The WBO walked back its latest ranking update, in fact demoting Lopez one spot lower than his original placement.

“This Committee agrees that both Lopez and Ramirez significantly satisfy the applicable rating criteria,” noted Viruet. “Furthermore, it is undisputed that their amateur records, their impressive professional records, world championship accomplishments, quality of opposition, their level of activity, their TV exposure, recognitions, and other relevant factors merits that their applications be fairly decided. Emphasizing each of the participants’ most recent fights, were, for Ramirez, was a victory against then number sixth ranked contender and former two division world champion, Jose Pedraza, on March 4, 2022.
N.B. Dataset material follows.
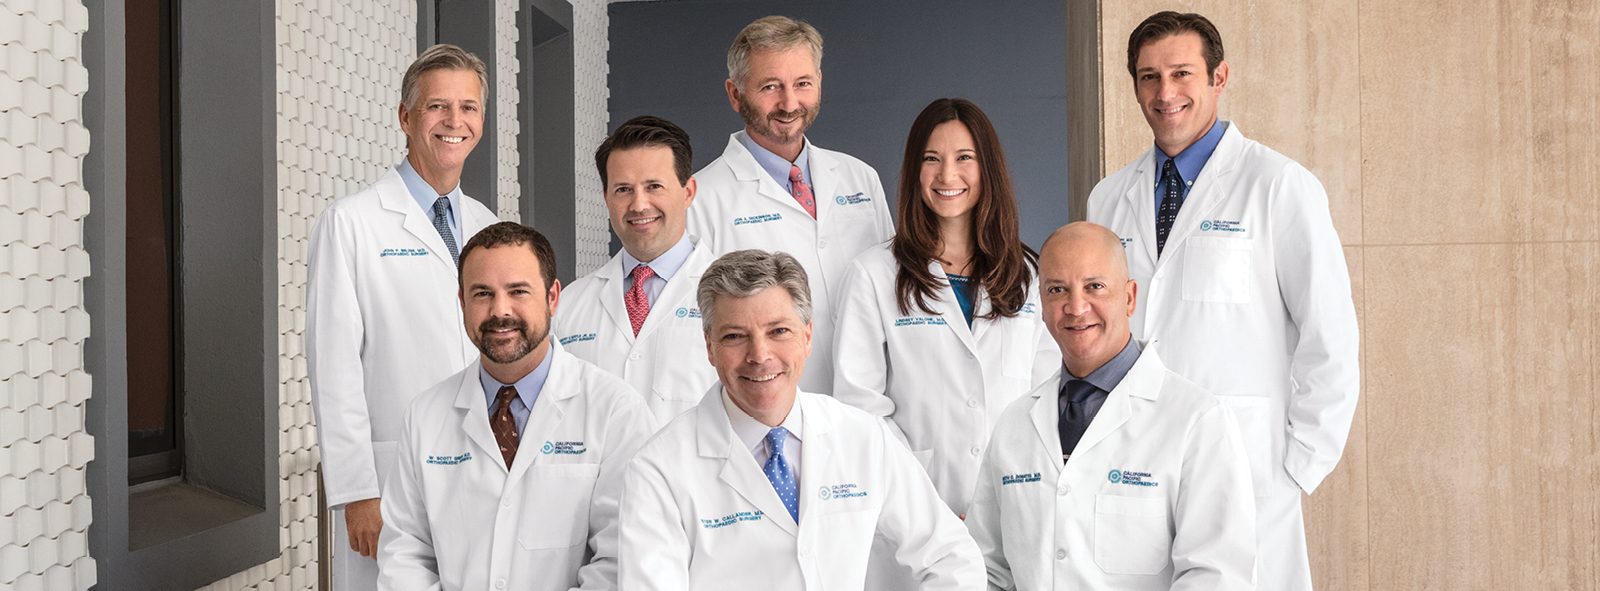 california pacific orthopaedics | first republic bank

“Mr. Teofimo Lopez’s last fight was in October 2021, against George Kambosos. Mr. Lopez suffered a Split Decision loss. Mr. Lopez has not fought in five months albeit his representative alleges, by implication, that claims that it may be the result of his alleged prior pre-existing medical condition. Certainly, the win/loss status in the boxer’s career is a significant factor where fighters have similar, but subtle distinctions regarding their professional merits. Thus, Jose Ramirez win over Pedraza, and Teofimo Lopez’ loss against George Kambosos, creates, therefore, a balance favoring Jose Ramirez higher ranking over Teofimo Lopez in the in the WBO World Jr. Welterweight Ratings.”

Taylor is presently on the hook to next defend versus WBA mandatory challenger Alberto Puello, a fight that was formally ordered earlier this month by the WBA.

Should the Scottish southpaw move forward with the fight, the titles will remain in his possession at least through that point. If Taylor opts otherwise, the WBA belt would at least become vacant and likely with the WBC to soon follow. Zepeda remains the mandatory challenger and unwilling to budge from that position.

If all four belts are vacated, Ramirez then gets to choose whether to challenge Zepeda in a rematch for the WBC title or versus the unbeaten Paro for the WBO belt.

Should a Ramirez-Zepeda rematch come about, Catterall would still have a favorable shot at a vacant title fight with Paro for the WBO belt.